START Data supplied

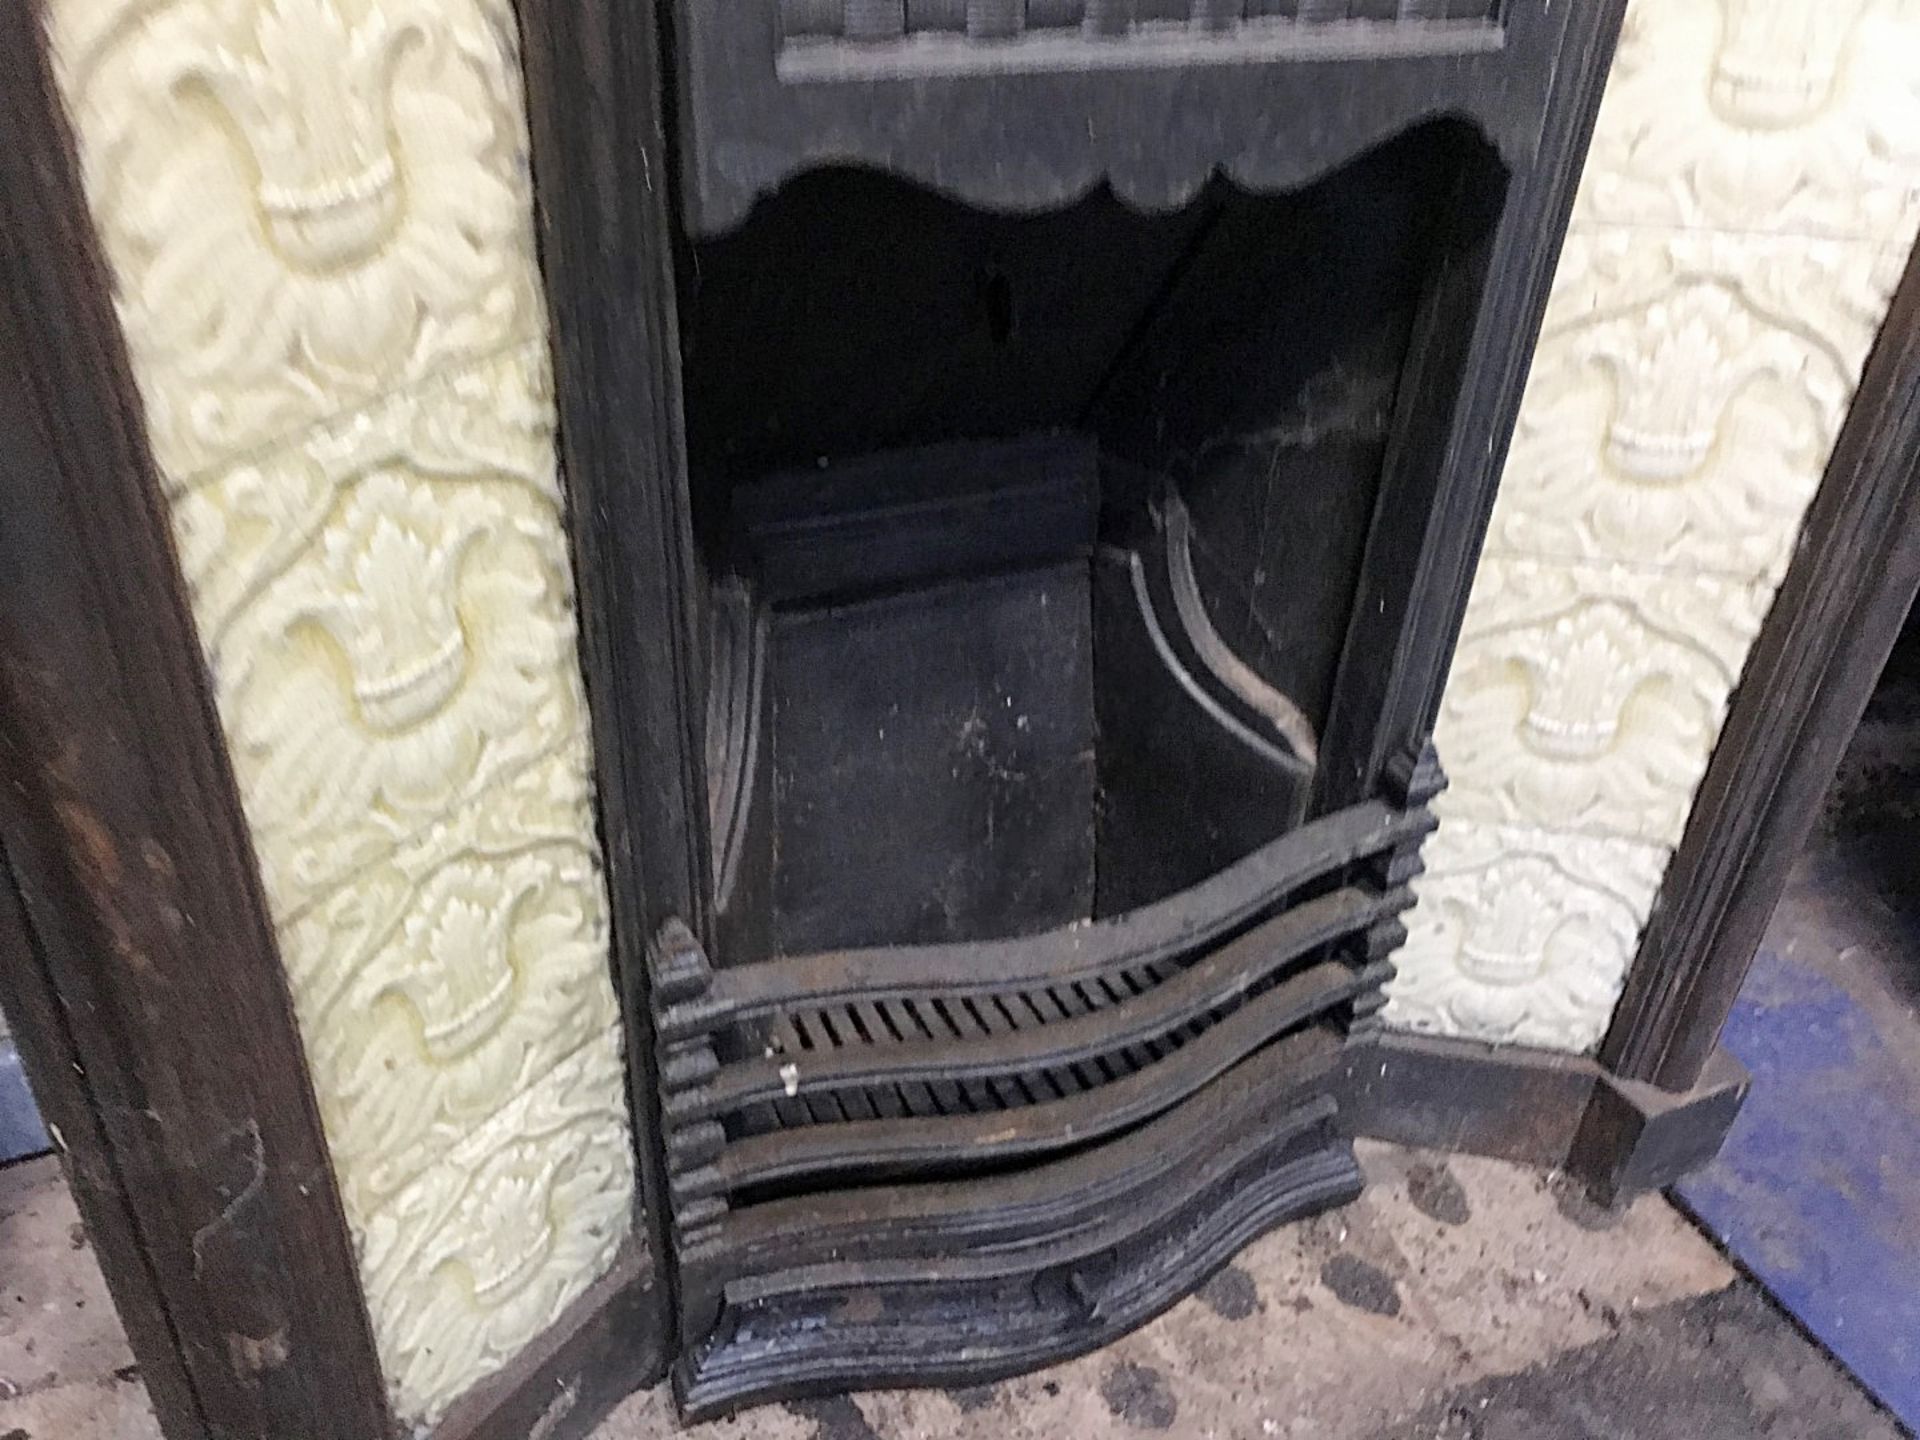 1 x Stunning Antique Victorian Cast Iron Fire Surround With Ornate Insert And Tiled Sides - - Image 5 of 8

END Data supplied
START Data supplied

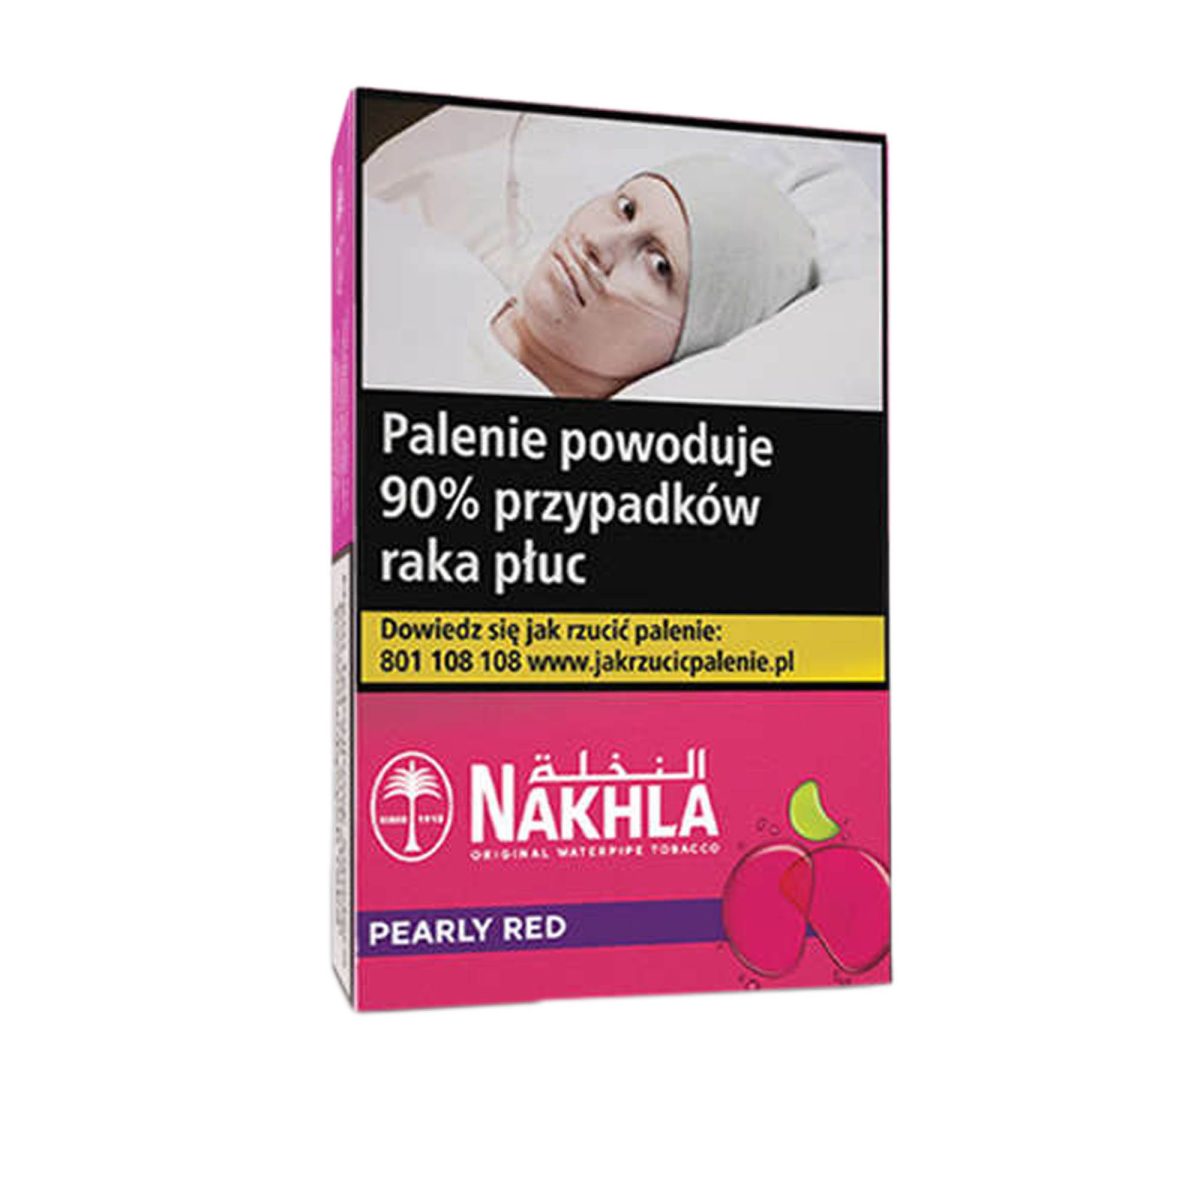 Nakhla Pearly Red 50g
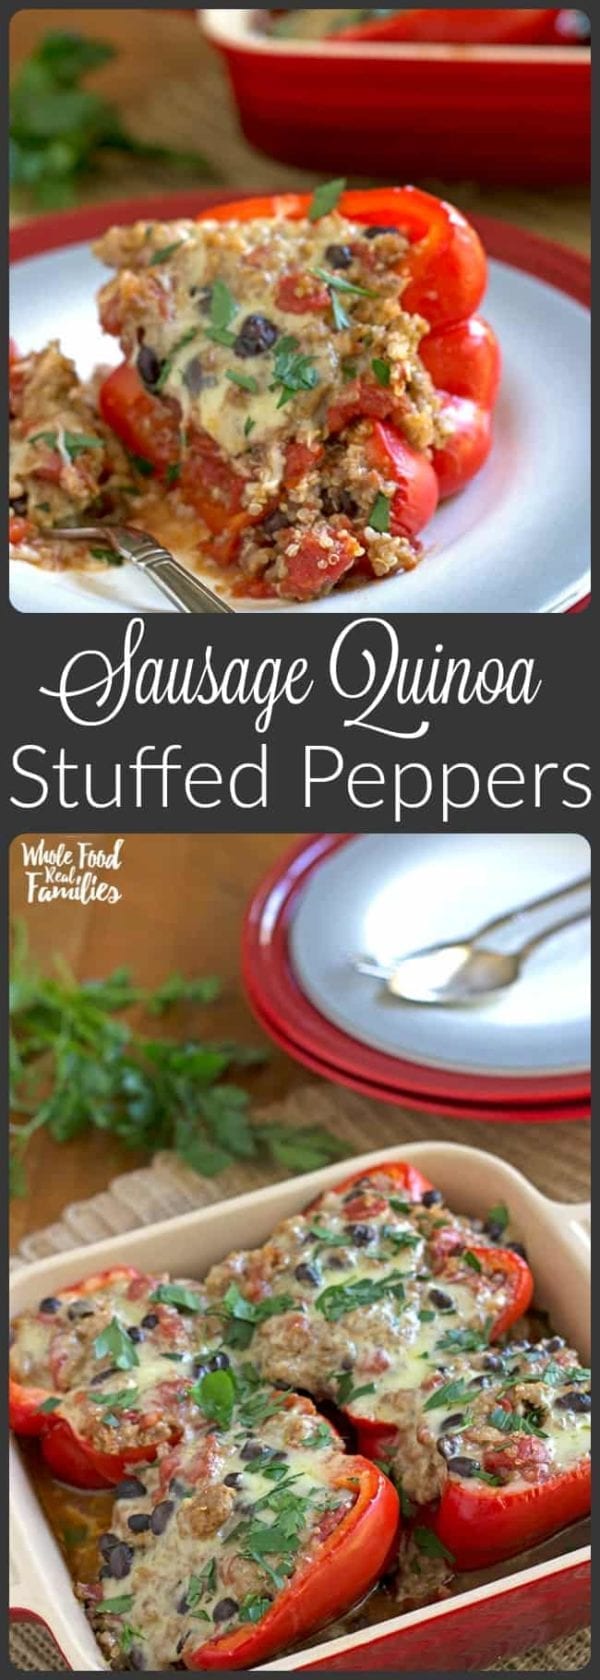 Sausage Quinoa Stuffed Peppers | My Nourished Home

END Data supplied
START Data supplied

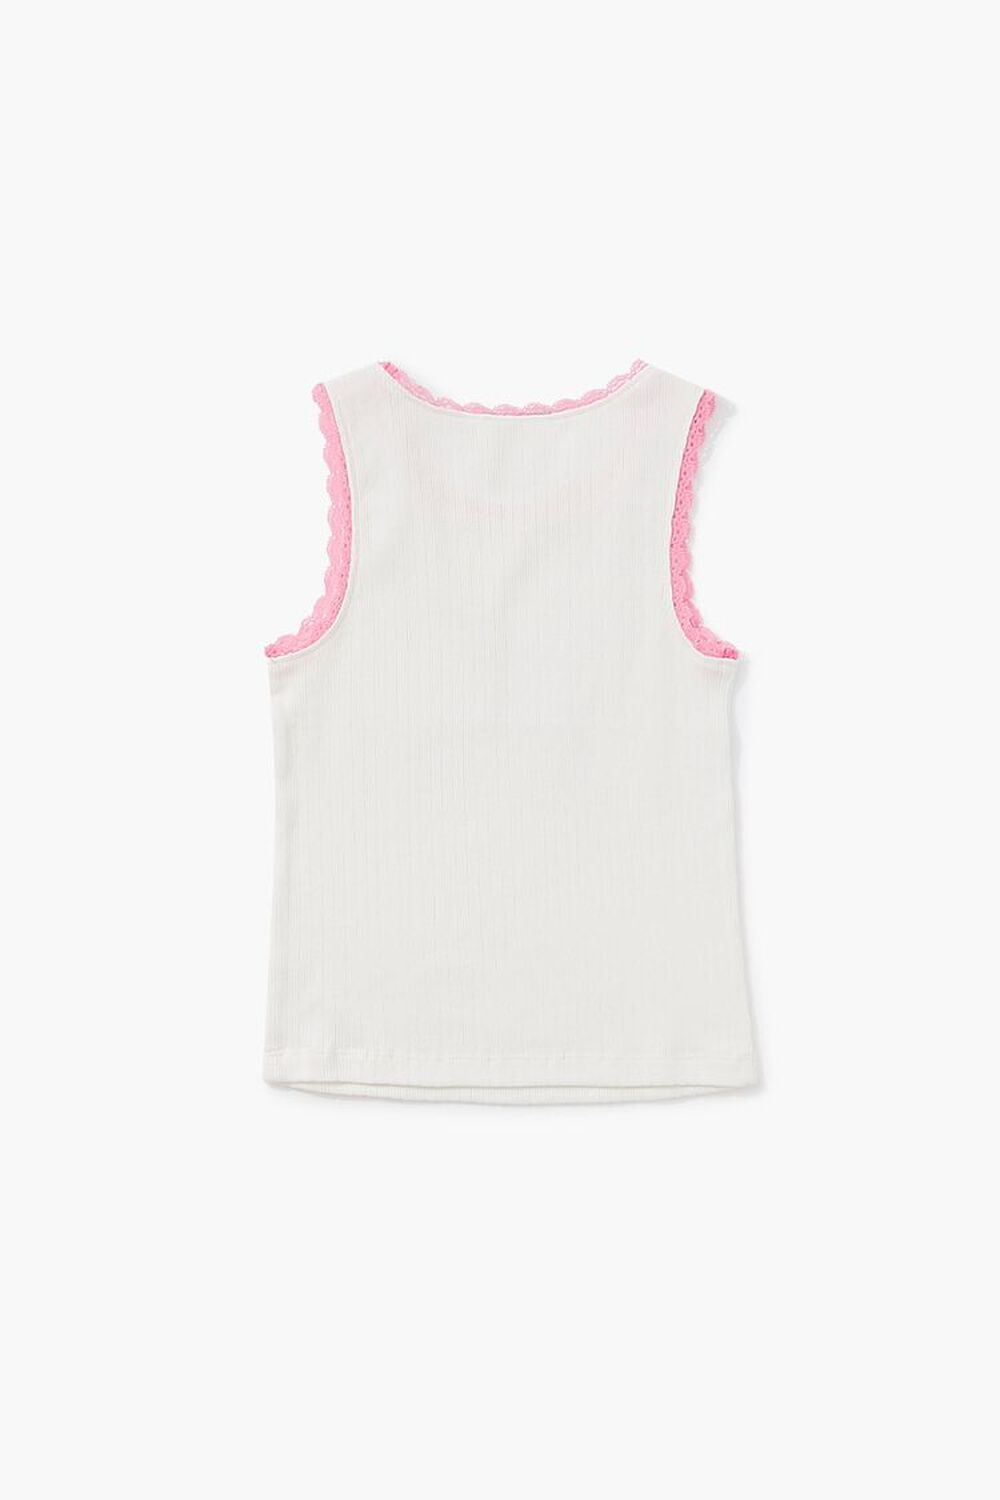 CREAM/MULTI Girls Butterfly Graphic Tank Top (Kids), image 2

END Data supplied

== What is required ==
When you reach the line containing "Nakhla Pearly Red 50g" in the entries above, begin restating word for word, and stop once the line containing "Sausage Quinoa Stuffed" has been given. Omit the pictures.

== Answer box ==
 Nakhla Pearly Red 50g
 Sausage Quinoa Stuffed Peppers | My Nourished Home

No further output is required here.